My father died when I was 11 yrs old, and my mother remarried 2 years later. It was a horrible experience for me, and I lashed out for years. We did not attend any kind of family counseling at all. I am now 35 yrs old, and it effects me still to this day. This is an issue for family counseling. Per the advice of many successful blended family couples: You cannot discipline your step child until you gain her trust. This could take years, depending upon your patience & upon the quantity of time you dedicate to nurturing her. Until you gain that trust, the biological parent must be the only disciplinarian. If the 2 of you cannot compromise & agree on the rules, then that is an issue that needs to be addressed in marriage counseling. Remember.... she did not choose you. Her dad chose you. She needs lots & lots of time to develop a desire to have a relationship with you. She must first get beyond the feeling that she & her dad are betraying her mom by allowing you into their lives. If, during the process, you allow your frustration to show, it will be a big set-back for her. Think of it as taking on the task of trying to hand-feed a wild squirell. You have to be consistent & patient & TRUSTWORTHY. Continue to seek wise counsel until your little girl is grown and living on her own. Mobberly Baptist Church in Longview, TX is developing a Blended Families ministry, and is holding a 1-hour class during regular Sunday School hours on Nov. 12th.

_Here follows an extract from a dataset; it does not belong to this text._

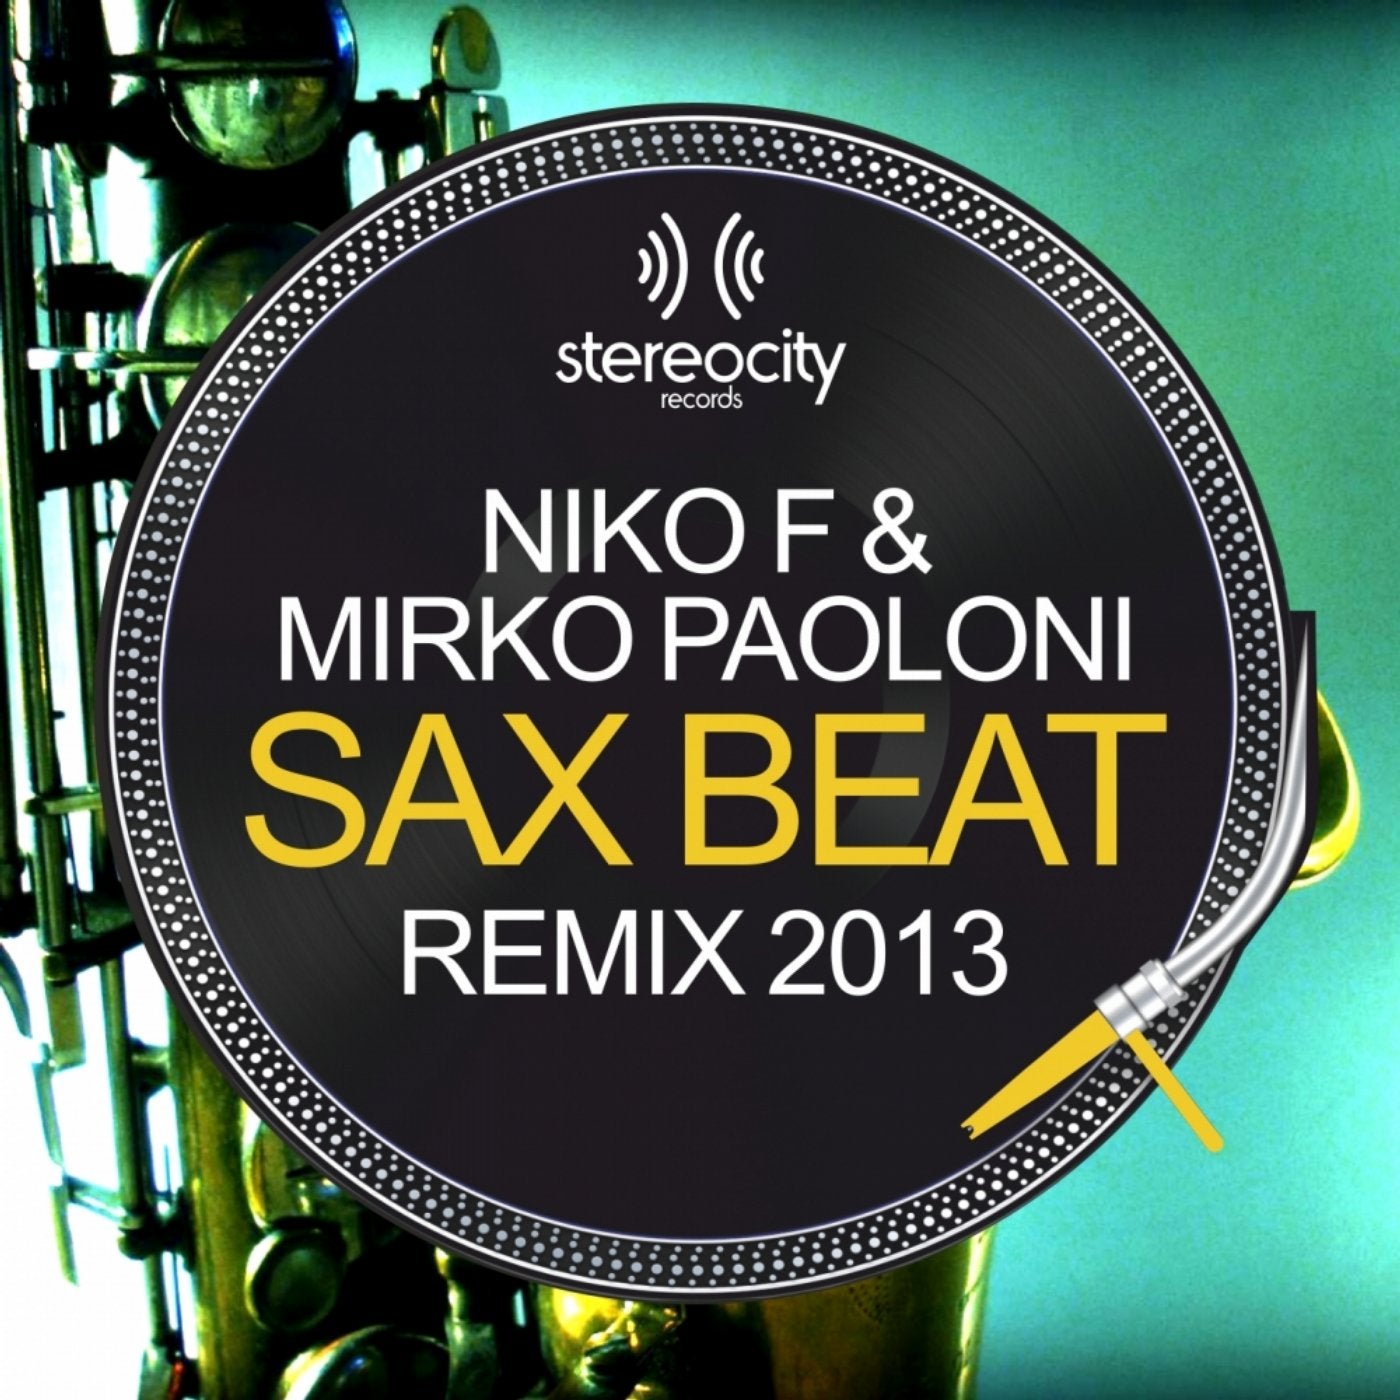 Sax Beat (Niko F & Mirko Paoloni 2013 Remix)

You can either choose the 9:30 class or the 10:45 class. If you think you might attend, call them & ask for specifics on where to go, etc. Their # is ###-###-####. Childcare is provided during the classes. Terri Clark will be the speaker that day. You & your husband could gain LOADS of wisdom from her!
Read the following books for blended families:
Tying the Family Knot by Terri Clark
and The Smart Step Family by Ron Deal.